Here we will implement a map-reduce algorithm in spark for counting the number of words from a given set of documents.
Let's start by properly initializing a SparkContext object.

In [1]:
from pyspark import SparkConf, SparkContext

config = SparkConf().setAppName('Homework 2').setMaster('local')

sc = SparkContext(conf=config)

### Loading the Dataset
Here we load the dataset and split it in a number of partitions. As a rule of thumb: the higher the number of partitions, the better the parallelism. One should nonetheless be aware that each partition have some overhead and thus it would be suboptimal to create a big number of partitions.

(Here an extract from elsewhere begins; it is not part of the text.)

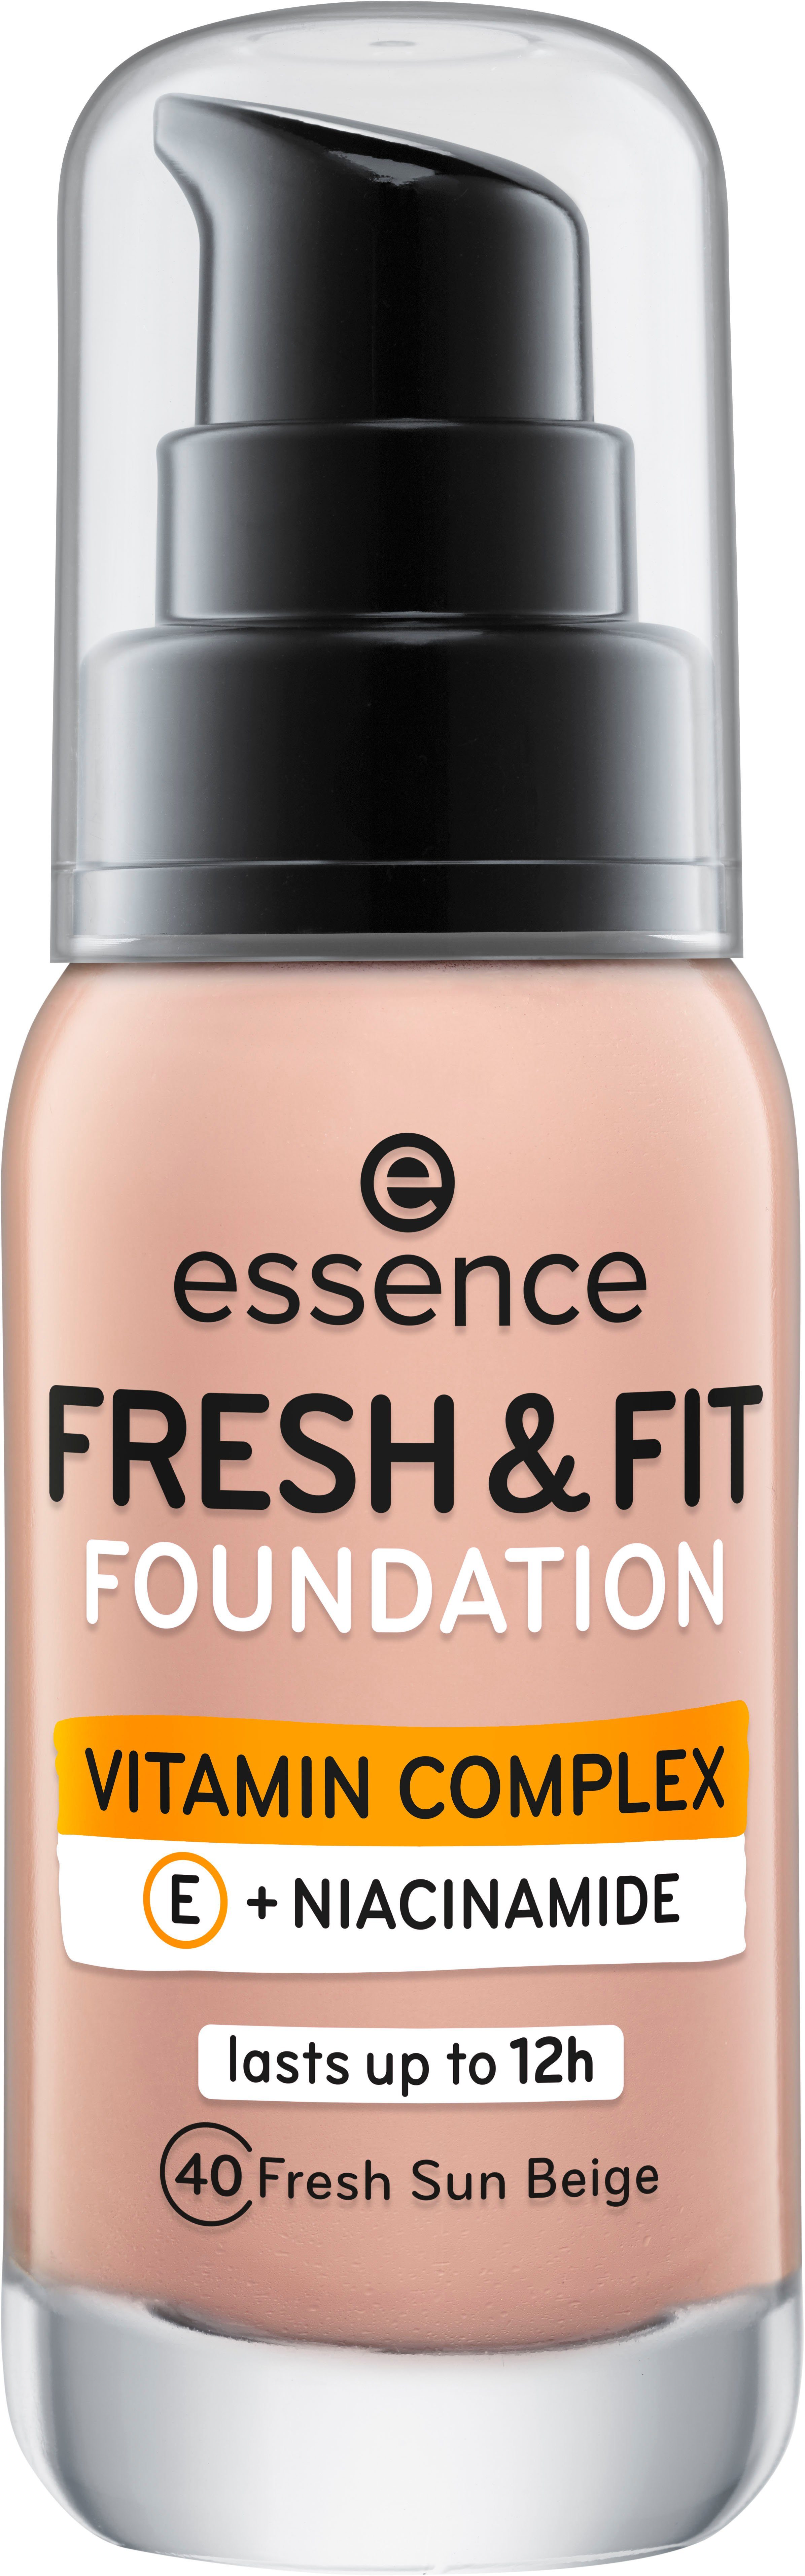 Foundation FRESH fresh & sun FOUNDATION, Essence 3-tlg. FIT beige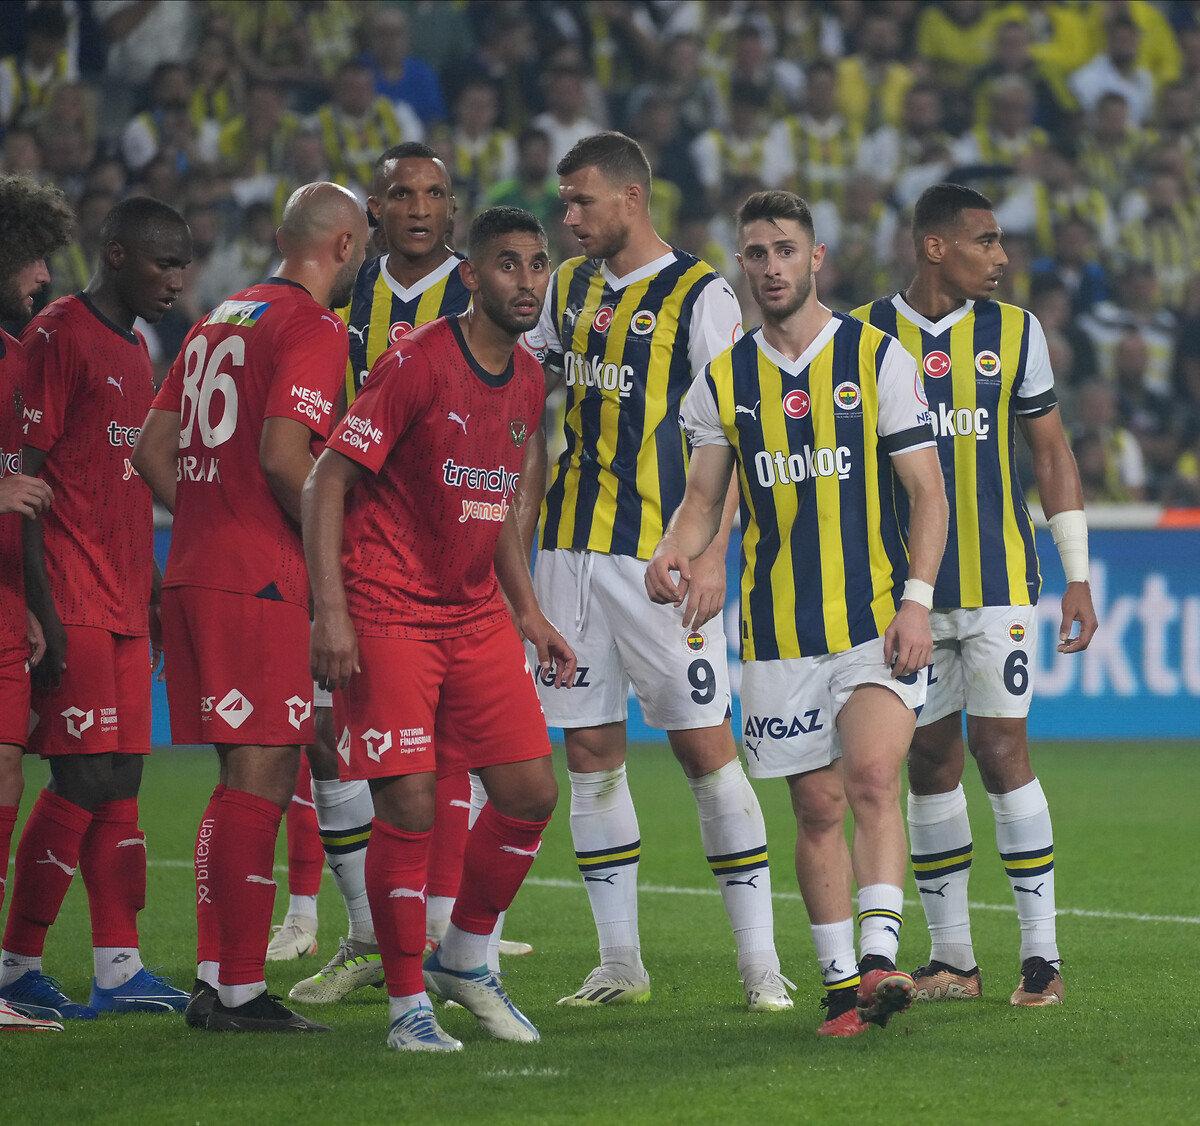 Fenerbahçe durdurulamıyor - Son Dakika Haberleri

Since we're running on *4-core* machines we'll be partition the RDD in 8 parts.

In [2]:
docs = sc.textFile('dataset.txt').repartition(8)

### Trivial Algorithm
In this naive algorithm we do the following:
- Take each word from each document
- Create a new key-value pair for each word with a value 1
- Collect the pairs by key and sum their values

In [3]:
words = docs.flatMap(lambda document: document.split(" "))\
    .map(lambda word: (word,1))\
    .reduceByKey(lambda x,y: x+y)

print('The number of different words is: ', words.count())

The number of different words is:  15


## Improved word count 1

In this first more clever version of word count we need to modify the way documents are processed: in particular, we want to store directly the pair *(w,c(w))* were _c(w)_ is the number of occurrences of the word *w* in the document Di

In [136]:
def improvedMap(x): 
    line = x.split(" ")
    pairs = {}
    for s in line:
        if s in pairs:
            pairs[s] = pairs[s] + 1
        else:
            pairs[s] = 1
    keyVal = []
    for key in pairs:
        keyVal.append((key,pairs[key]))
    return keyVal

intermediate = docs.map(improvedMap)
#intermediate.reduce(lambda x,y,sum: sum + y)